I remember slain Al Jihad chief commander Ghulam Mohiuddin Shaikh alias Maqbool alias Khaleel-Ur-Rahman once saying that he left Jamaat-e-Islami to join Al Jihad only because “Syed Ali Geelani discouraged me from joining militancy”. “I wanted to cross the LOC for arms training and went to Geelani Sahab for advice. After enquiring about my family background he (Geelani) told me to attend my old and ailing parents and said it would be your real Jihad”, Khaleel said. He was killed in an encounter with security forces in 1993.
Khaleel’s was not an isolated case. Hundreds and thousands others are there who joined militancy against the wishes of their parents and elders not to speak of political leaders. Former Ameer (chief) of Jamaat-e-Islami Hakeem Ghulam Nabi was not keen supporter of militancy. His son Zabehullah was an active member of Hizbul Mujahideen, who got killed in a clash with security forces in mid-90s.
Former MLA Mir Mustafa was killed by militants for being pro India but his son Bilal got killed as a senior commander of Al Jihad while fighting security forces. The list is long and would need a voluminous book to record the zeal and zest of Kashmir youth for the gun.

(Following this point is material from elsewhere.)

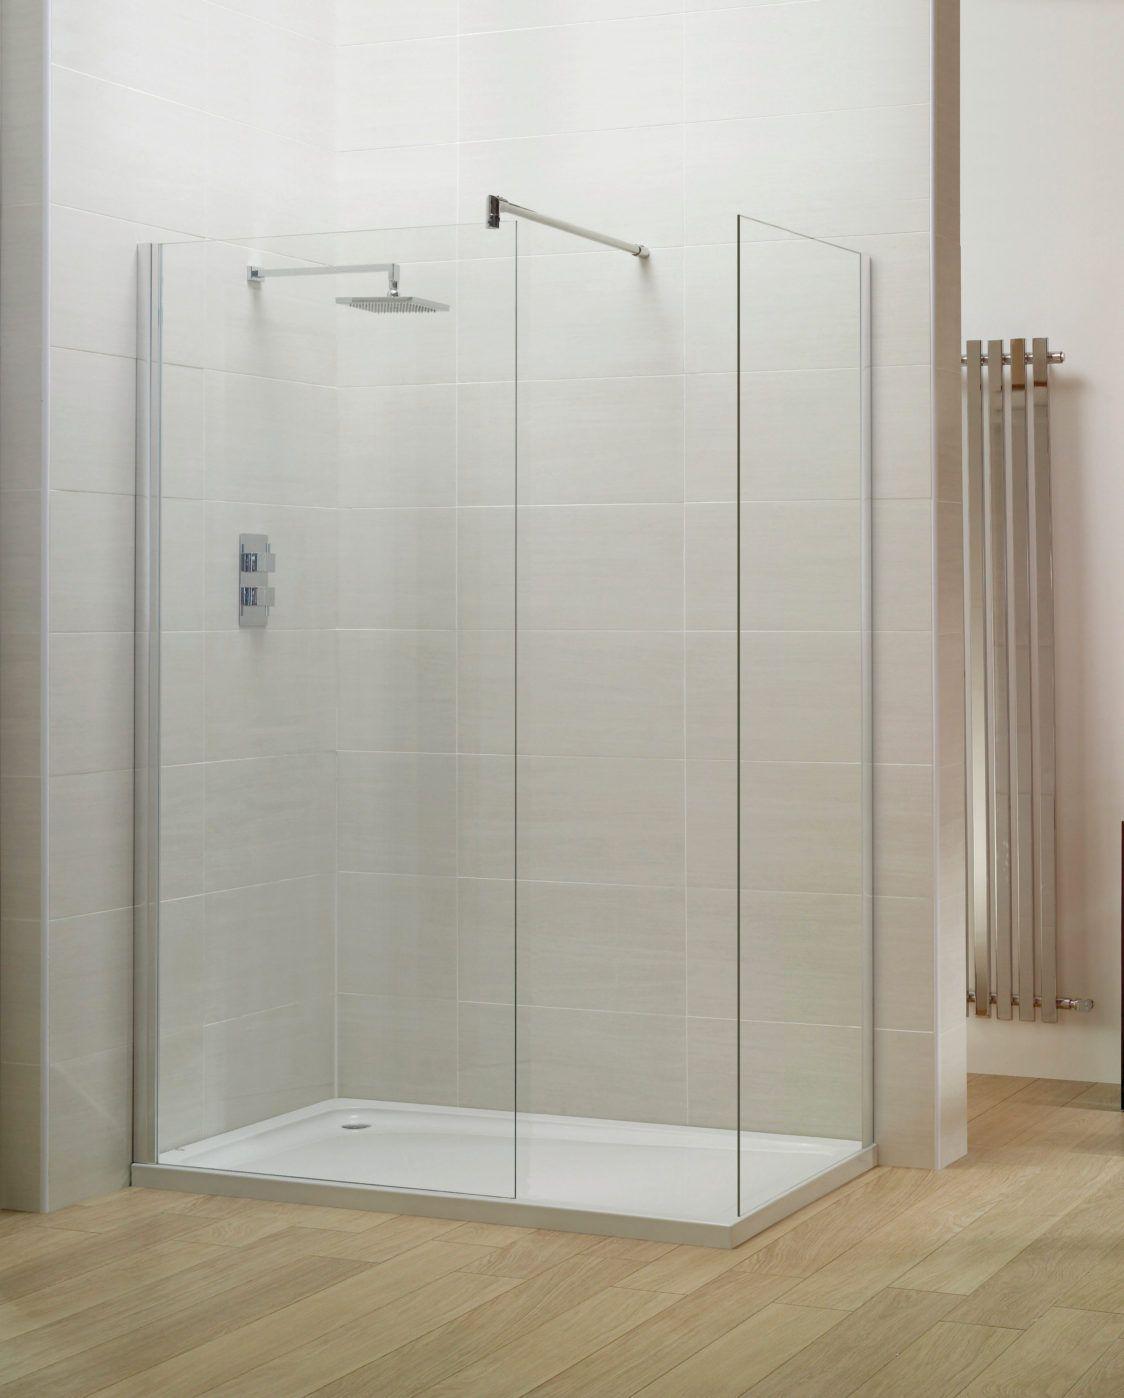 Wet Room Screen 700mm Wet Room Screens Shower Enclosure Wet Rooms

When the first bomb exploded in Kashmir in 1988, some people termed it as the “handiwork of Indian intelligence agencies, who wanted to destabilize and demoralize chief minister Farooq Abdullah”. The perception worked in some circles for some time till Ajaz Ahmad Dar was killed in an encounter with police outside then DIG Ali Mohammad Watali’s residence in Raj Bagh in September that year. He was first Kashmiri, in the renewed movement for azadi, to die with a gun in hand, exposing the introduction of gun in Kashmiris urge for Azadi.
Here came another language rule and term some misguided youth, who numbered a few dozens. But the early 1990 saw mobs of youth joining militant ranks. Over 100 armed groups came into being, who replaced the entire political structure in Kashmir. They did not include any particular class of youth. They were all illiterate, literate, students, professionals, doctors, engineers and from all sections of the political and social classes. From a son of a cobbler Abdul Hameed Shaikh to a son of a chief engineer Nadeem Khateeb (a pilot who flew planes in America) holding guns and tossing grenades became a passion for Kashmiri youth.
It was a sudden outburst of emotions, piled up through decades of political discontent. It would not be out of place to say that Syed Salahuddin, the symbol of ongoing armed struggle against Indian rule contested Assembly elections in 1987. The pioneers of militancy like Mohammad Yasin Malik, Javaid Ahmad Mir, Maqbool Illahi, Ajaz Dar, Ashraf Dar and hundreds others were acting as field agents and poll campaigners for Salahuddin. It was fraud played in the name of elections and farce of democracy that ignited the flames of armed rebellion in Kashmiri youth. Anger and rage was already there. What was needed to burst into flames was to set off the ignition pin.
It would not be going overboard to say that separatist sentiment had been dominant among people of Kashmir since the division of India, which culminated into two sovereign states India and Pakistan in 1947. It took different manifestations at different times. Shaikh Mohammad Abdullah-led Plebiscite Front (1953-75) was one of its earliest expressions. Even as Abdullah never believed in secession from India but he used to galvanize support for himself with the slogan yeh mulk hamara hai, iss ka faisla hum karenge it (Kashmir) is our nation, we will decide its fate).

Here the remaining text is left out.